This Financial Reporting Update highlights key developments and issues that are relevant to finance and accounting personnel.

 

Financial Accounting Standards Board

On November 22nd, the Financial Accounting Standards Board (FASB) issued a proposed new chapter of its Conceptual Framework related to the recognition of an item in financial statements. The proposed chapter would become Chapter 5 of FASB Concepts Statement No. 8, Conceptual Framework for Financial Reporting. This chapter sets forth recognition and derecognition criteria as well as guidance on when items should be incorporated into and removed from financial statements. Stakeholders are asked to provide input on three proposed recognition criteria an item should meet to be recognized in financial statements:

  • Definitions – the item meets the definition of an element of financial statements.
  • Measurability – the item is measurable and has a relevant measurement attribute; and
  • Faithful Representation – the item can be depicted and measured with faithful representation.

The Board is also seeking input on whether derecognition should occur when an item no longer meets any of the recognition criteria. The deadline to submit comments is February 21, 2023.

Securities and Exchange Commission

On October 26th, the Securities and Exchange Commission (SEC) proposed a new rule under the Investment Advisors Act of 1940 to prohibit registered investment advisors from outsourcing certain services and functions without conducting due diligence and monitoring of the service providers.

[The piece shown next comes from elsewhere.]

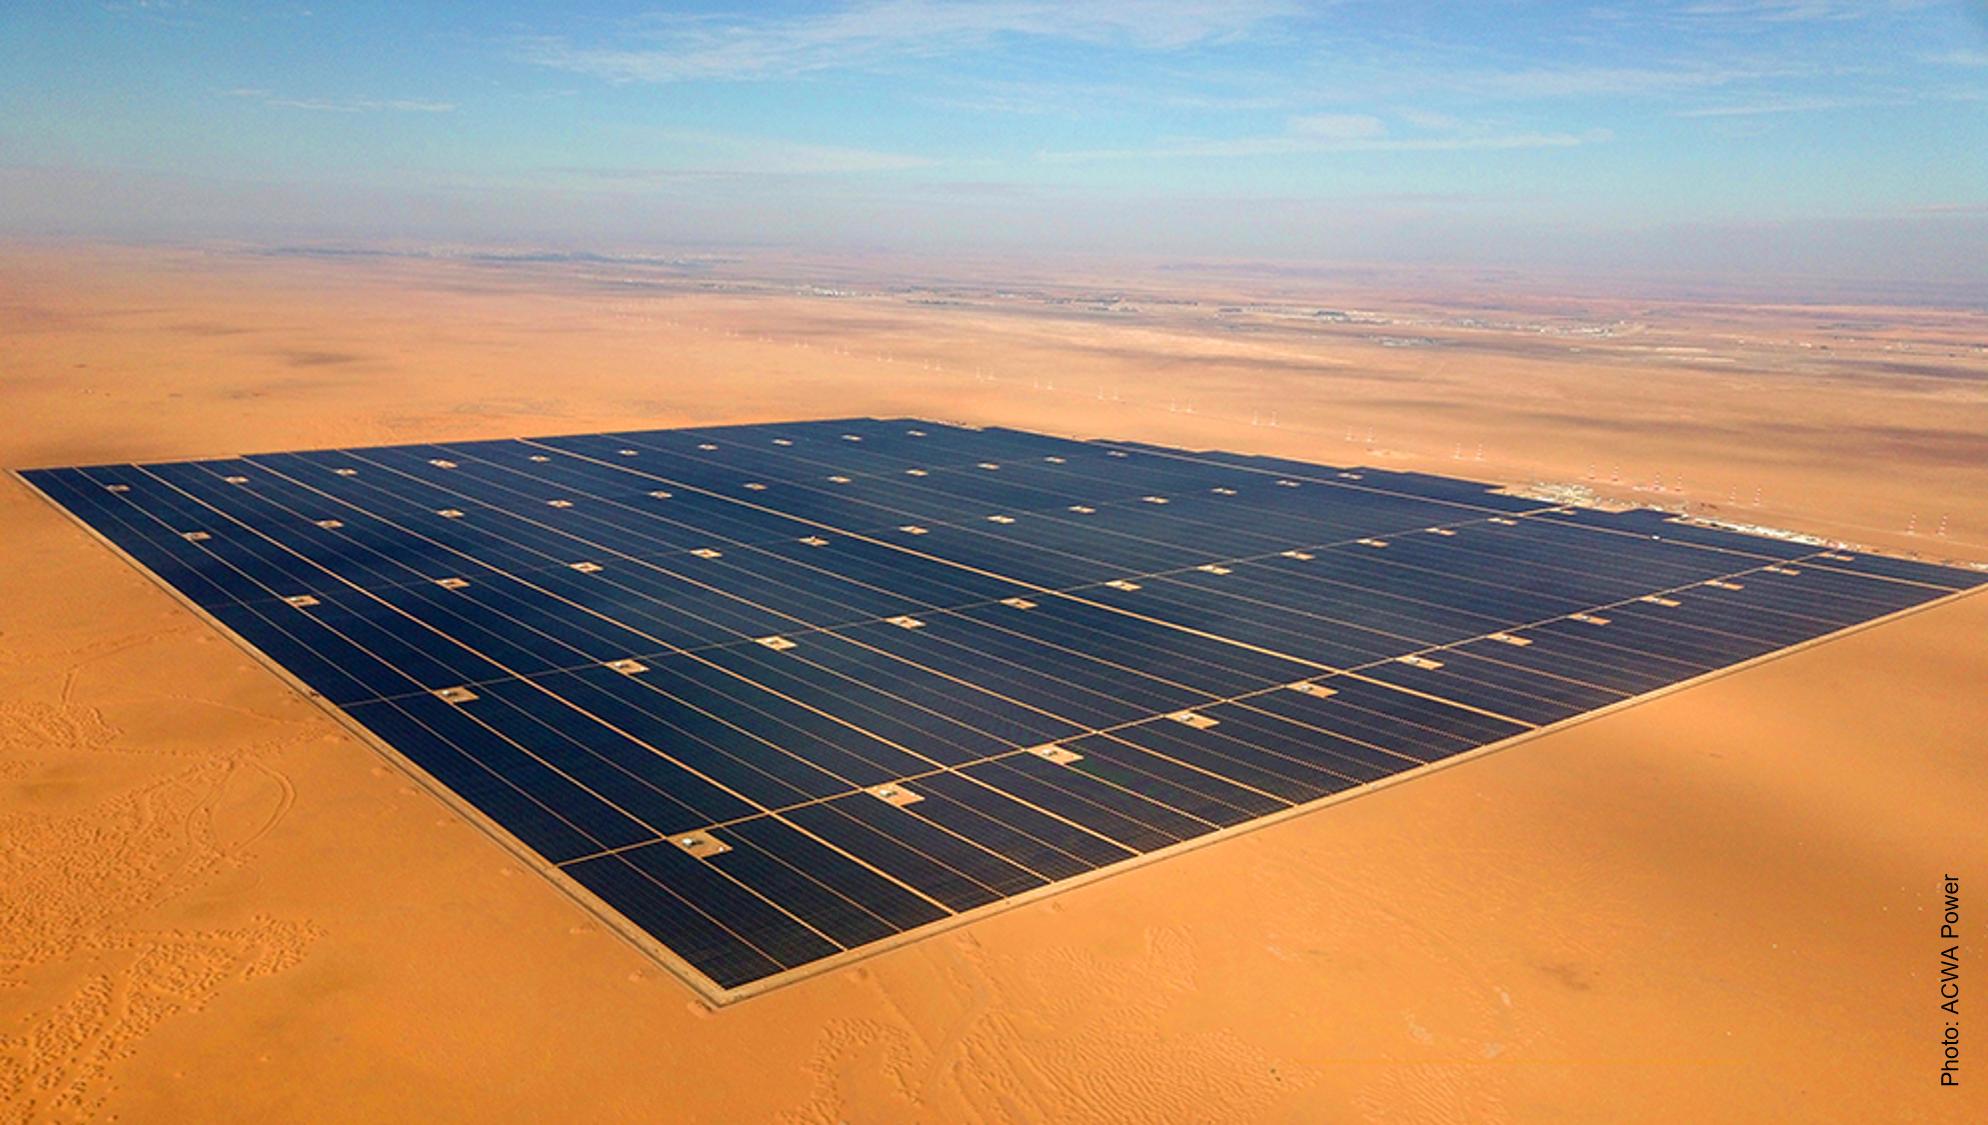 上海电气与Nextracker携手为中东最大光伏发电基地提升能源产出

The proposal would require advisers to satisfy specific due diligence elements before retaining a service provider that will perform certain advisory services or functions, and to subsequently carry out periodic monitoring of the service provider’s performance. The proposal would also require advisers to monitor all third-party recordkeepers and obtain reasonable assurances that the recordkeepers will meet certain standards. Finally, the proposal requires advisers to maintain books and records related to the new rule’s oversight obligations and to report census-type information about the service providers covered under the rule. The proposal will remain open for comment for 60 days after publication on SEC.gov or 30 days after publication in the Federal Register, whichever period is longer.

American Institute of Certified Public Accountants

On October 31st, the American Institute of Certified Public Accountants (AICPA) issued an Exposure Draft titled, Proposed Criteria for a Description of the Content of Quality Control Materials (QCM) and the Content of QCM Related to the Relevant Standards and Interpretive Guidance. The proposed criteria will be used to evaluate QCM content in a new assertion-based examination to be performed under the Statements on Standards for Attestation Engagements (SSAEs). A QCM provider may engage a practitioner to examine its QCM content (examination) as it relates to the relevant standards and interpretive guidance. The examination will help CPA firms that use QCM, and their peer reviewers, address the risks associated with the use of QCM and monitor their practices. The full Exposure Draft can be found here.

Public Company Accounting Oversight Board

On November 30th, the Public Company Accounting Oversight Board (PCAOB) announced the formation of the Technology Innovation Alliance (TIA) Working Group, a group of external professionals with expertise in emerging technologies, including technologies used by financial statement auditors and preparers. The TIA Working Group will serve two main purposes:

  • Advise the Board on the use of emerging technologies by auditors and preparers relevant to audits and their potential impact on audit quality; and
  • Make recommendations to the Board regarding how the Board’s oversight programs might address the use of emerging technologies.

According to PCAOB chair Erica Y. Williams, “It is critical for the PCAOB to remain current on technological advancements and their role in enhancing audit quality.”